§ TASK INSTRUCTIONS
What are the lines from the one containing "Dansing girl in" through the last line of the records below? Return them exactly, leaving out pictures.

============

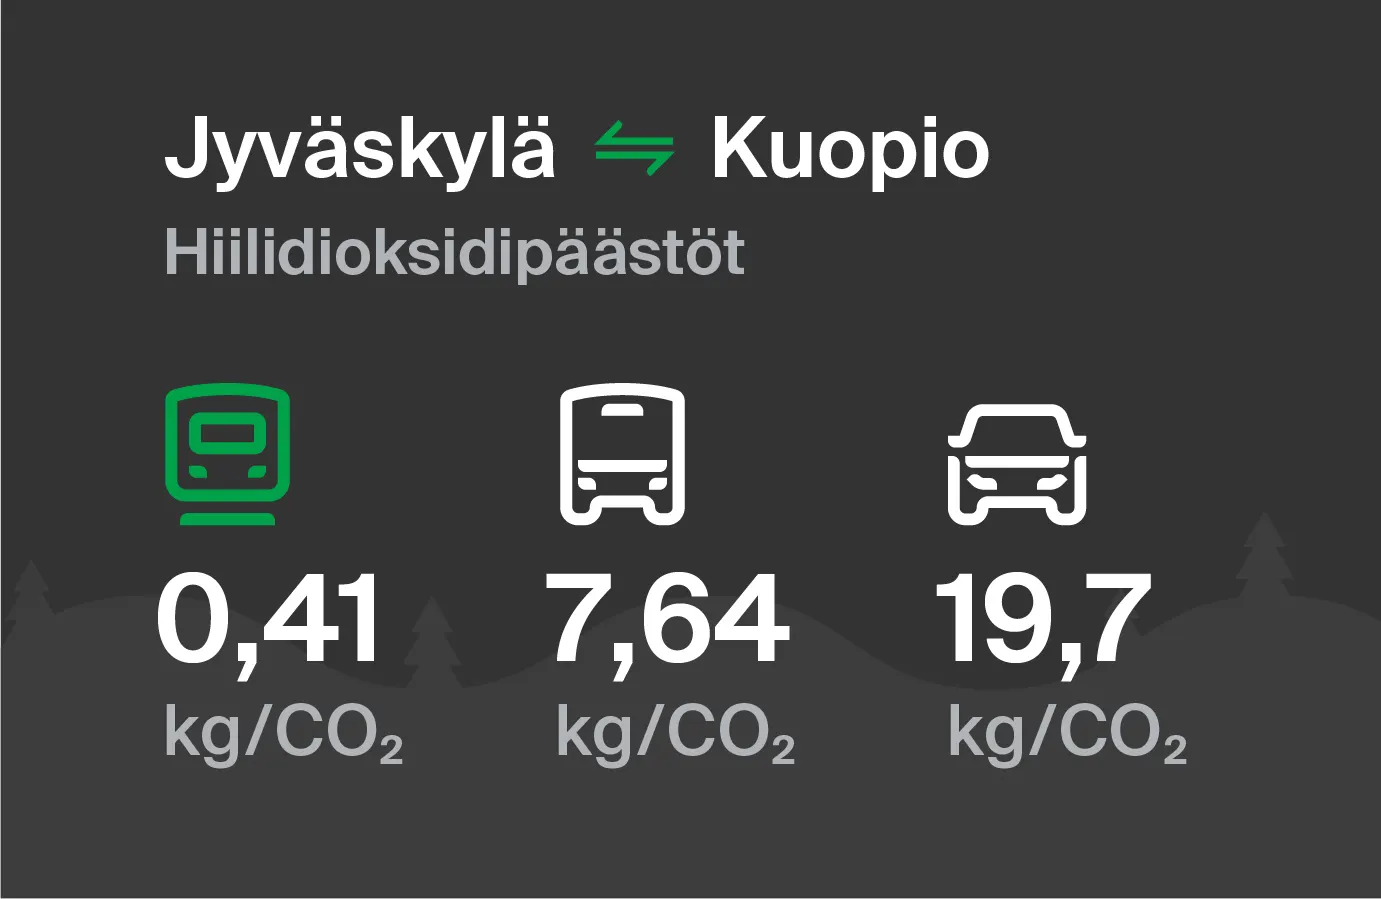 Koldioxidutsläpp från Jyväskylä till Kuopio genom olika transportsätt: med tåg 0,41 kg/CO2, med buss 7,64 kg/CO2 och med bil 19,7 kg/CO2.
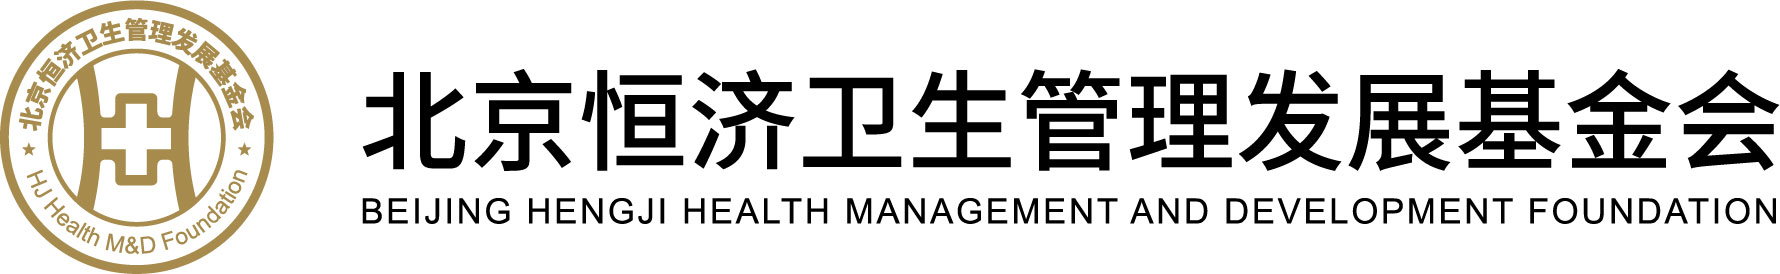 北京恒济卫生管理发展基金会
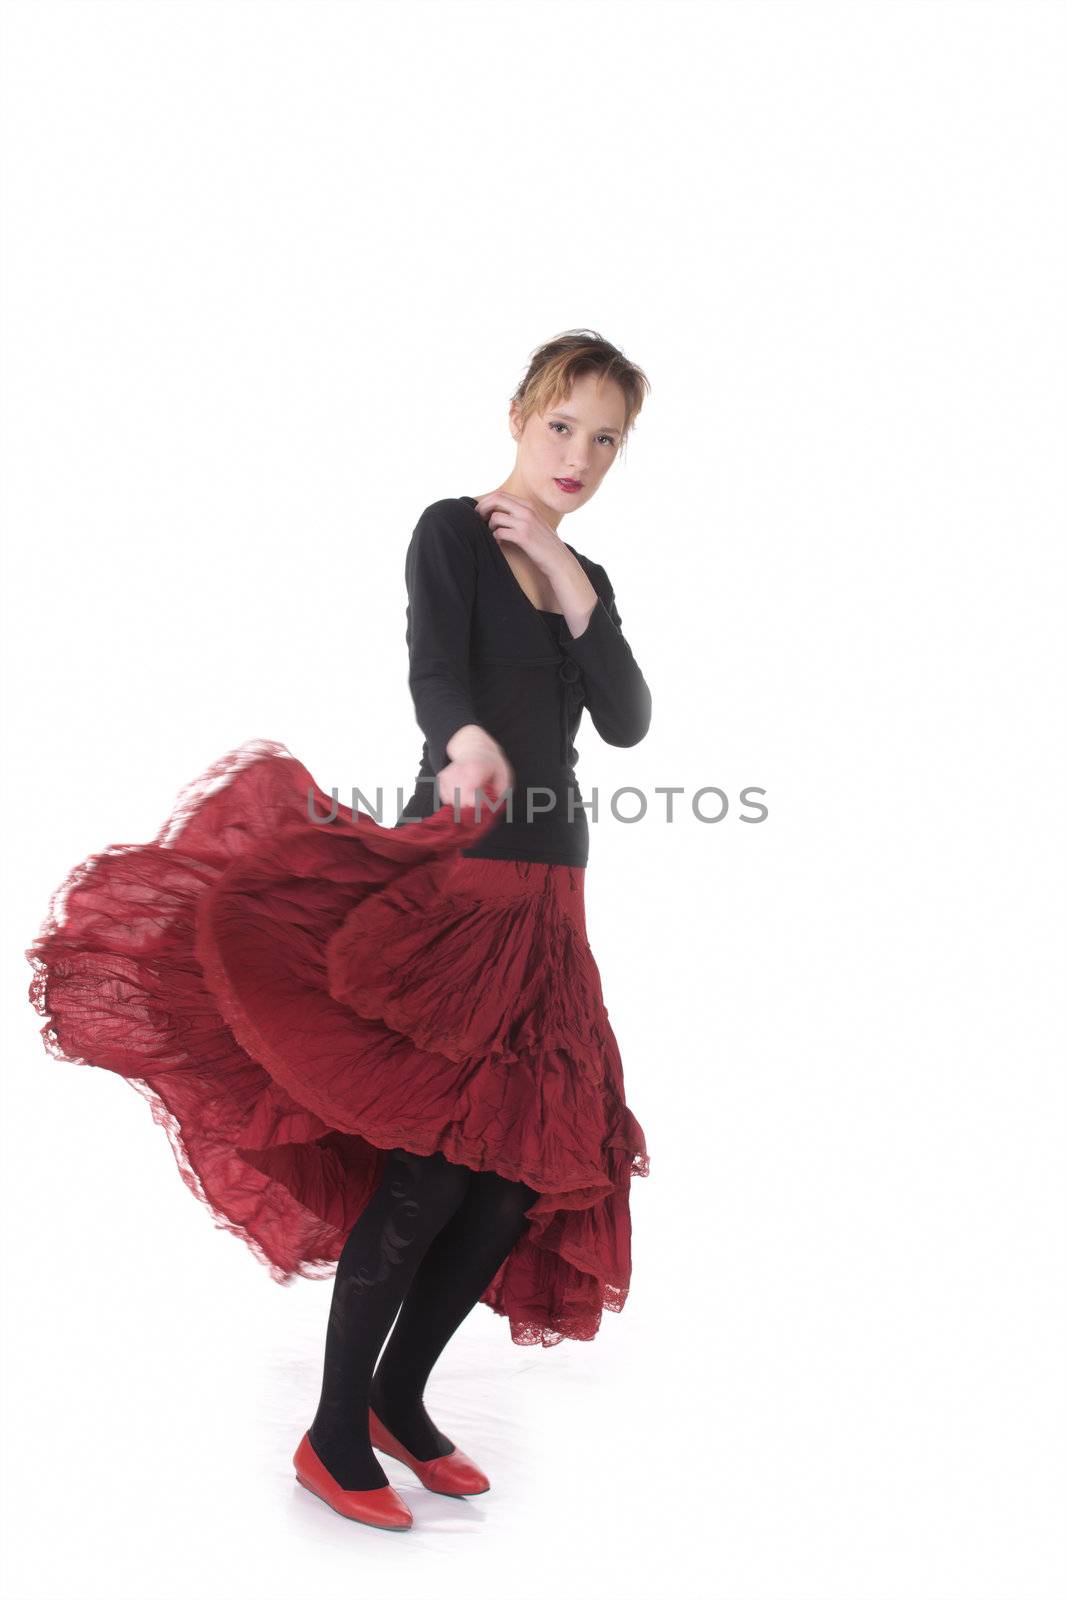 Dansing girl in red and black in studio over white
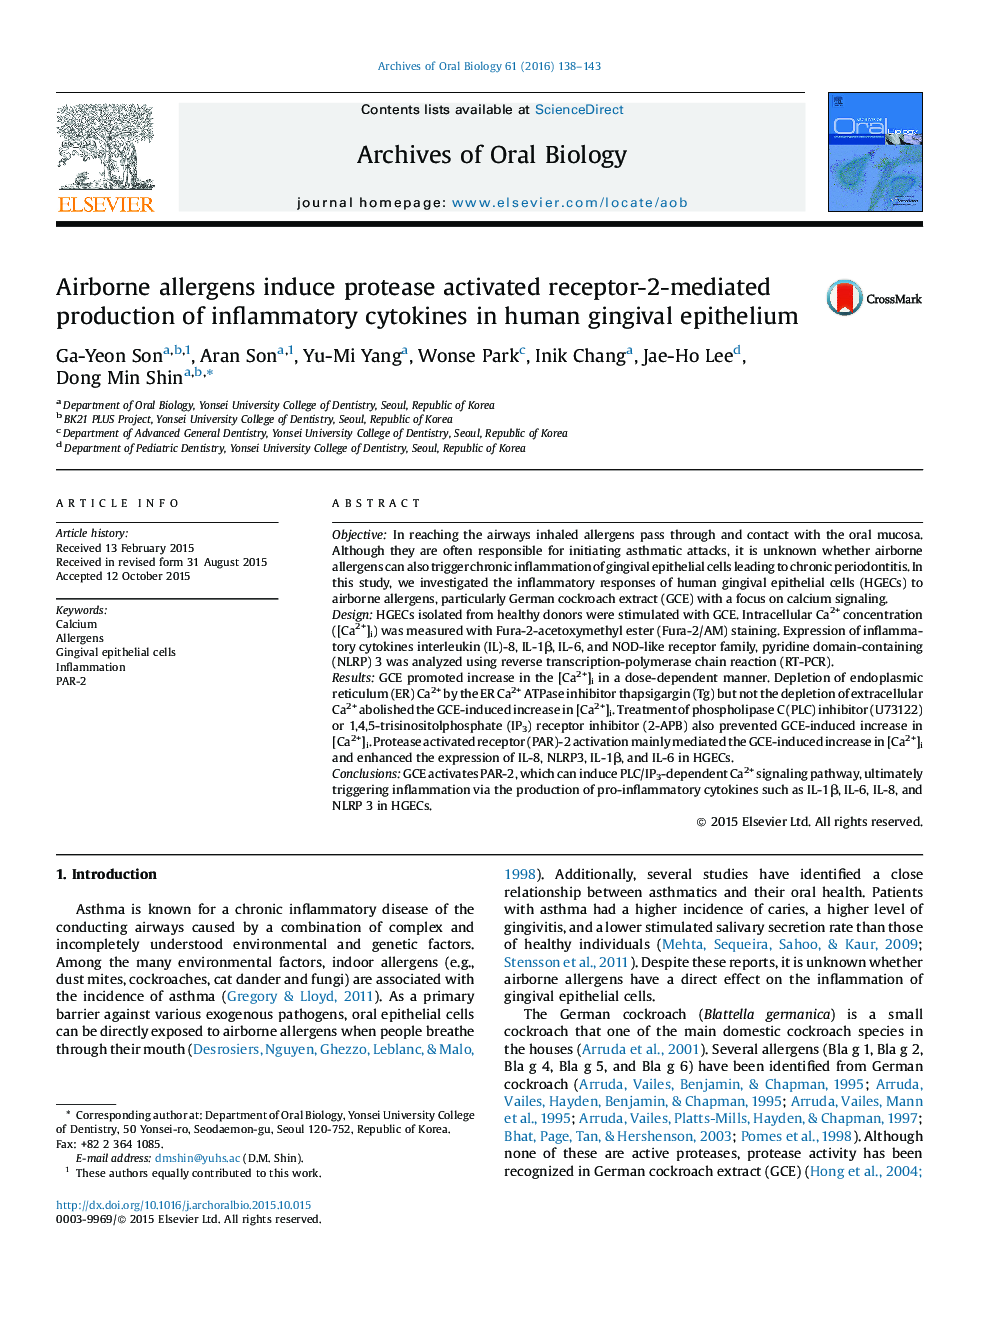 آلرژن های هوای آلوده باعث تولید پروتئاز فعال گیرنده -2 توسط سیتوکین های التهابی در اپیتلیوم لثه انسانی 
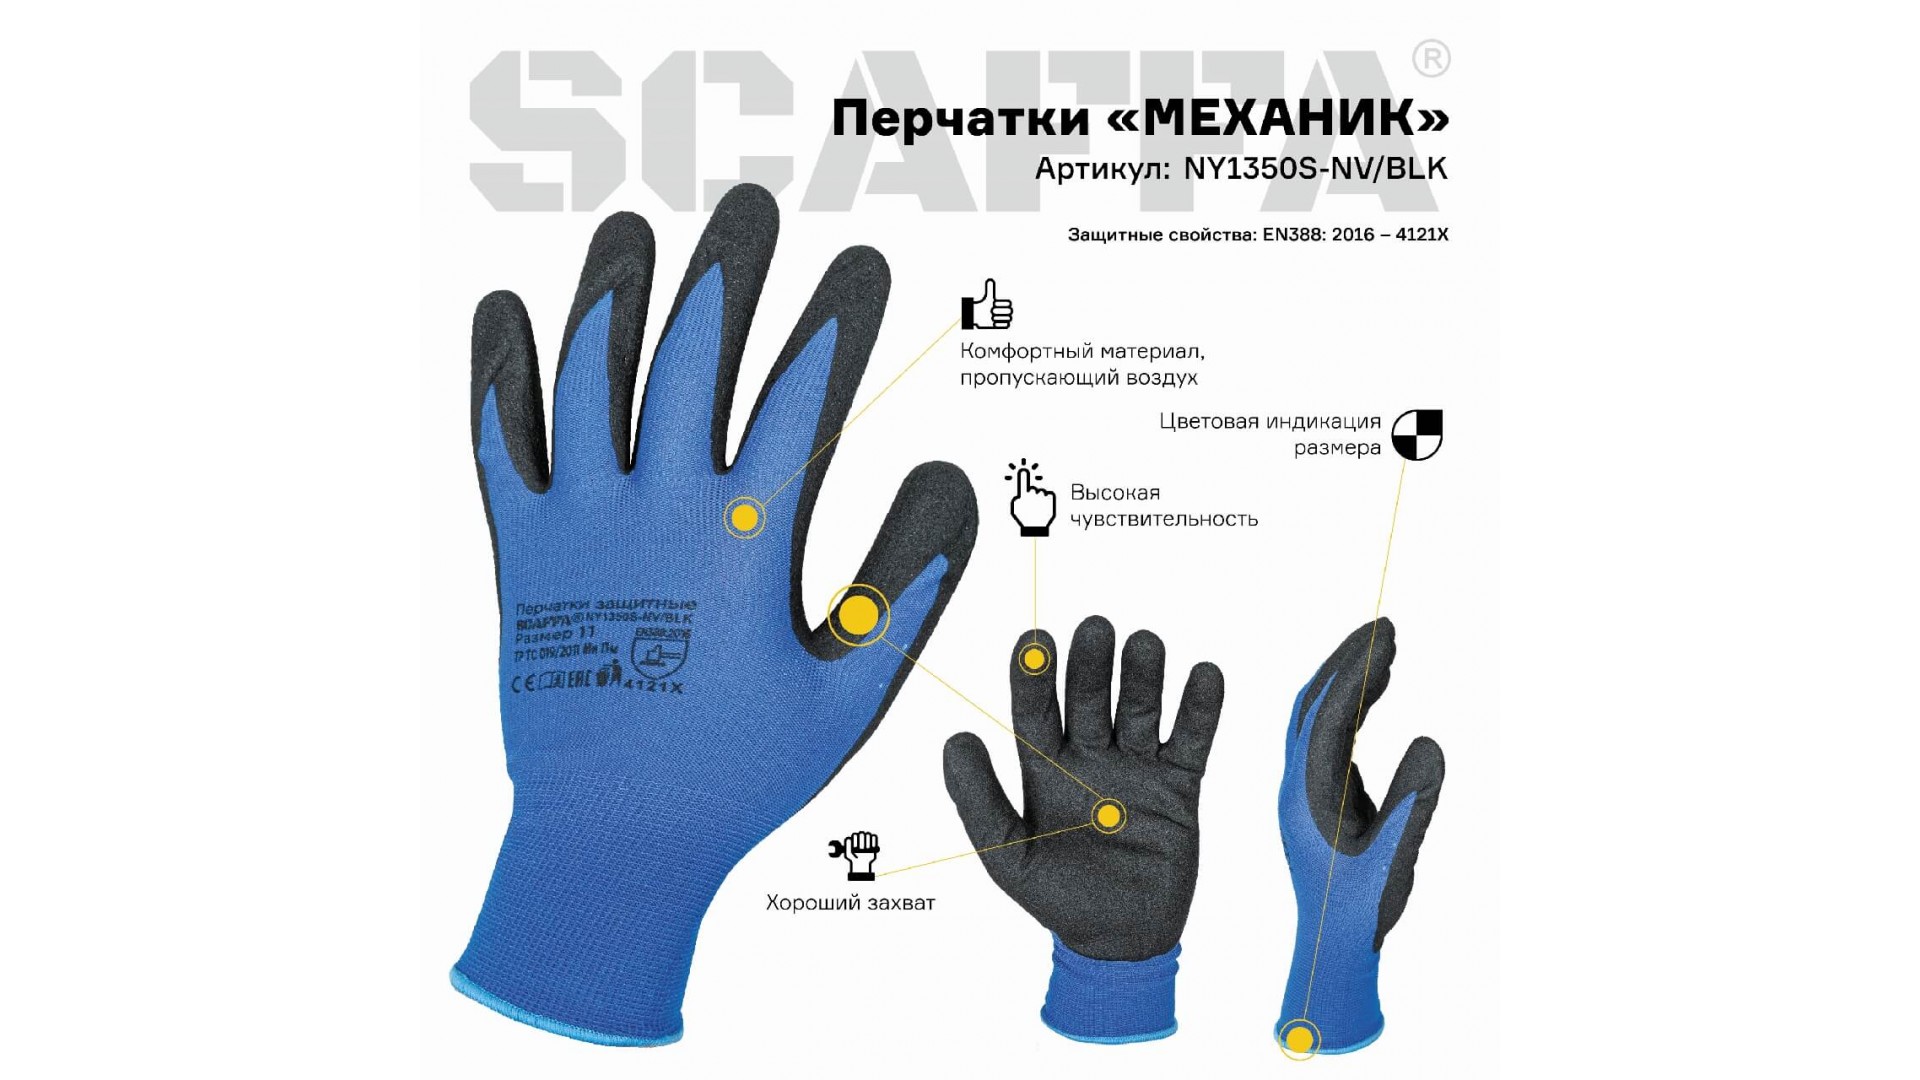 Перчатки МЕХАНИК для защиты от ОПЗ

============

§ WRITTEN REPLY
 Dansing girl in red and black in studio over white
 آلرژن های هوای آلوده باعث تولید پروتئاز فعال گیرنده -2 توسط سیتوکین های التهابی در اپیتلیوم لثه انسانی 
 Перчатки МЕХАНИК для защиты от ОПЗ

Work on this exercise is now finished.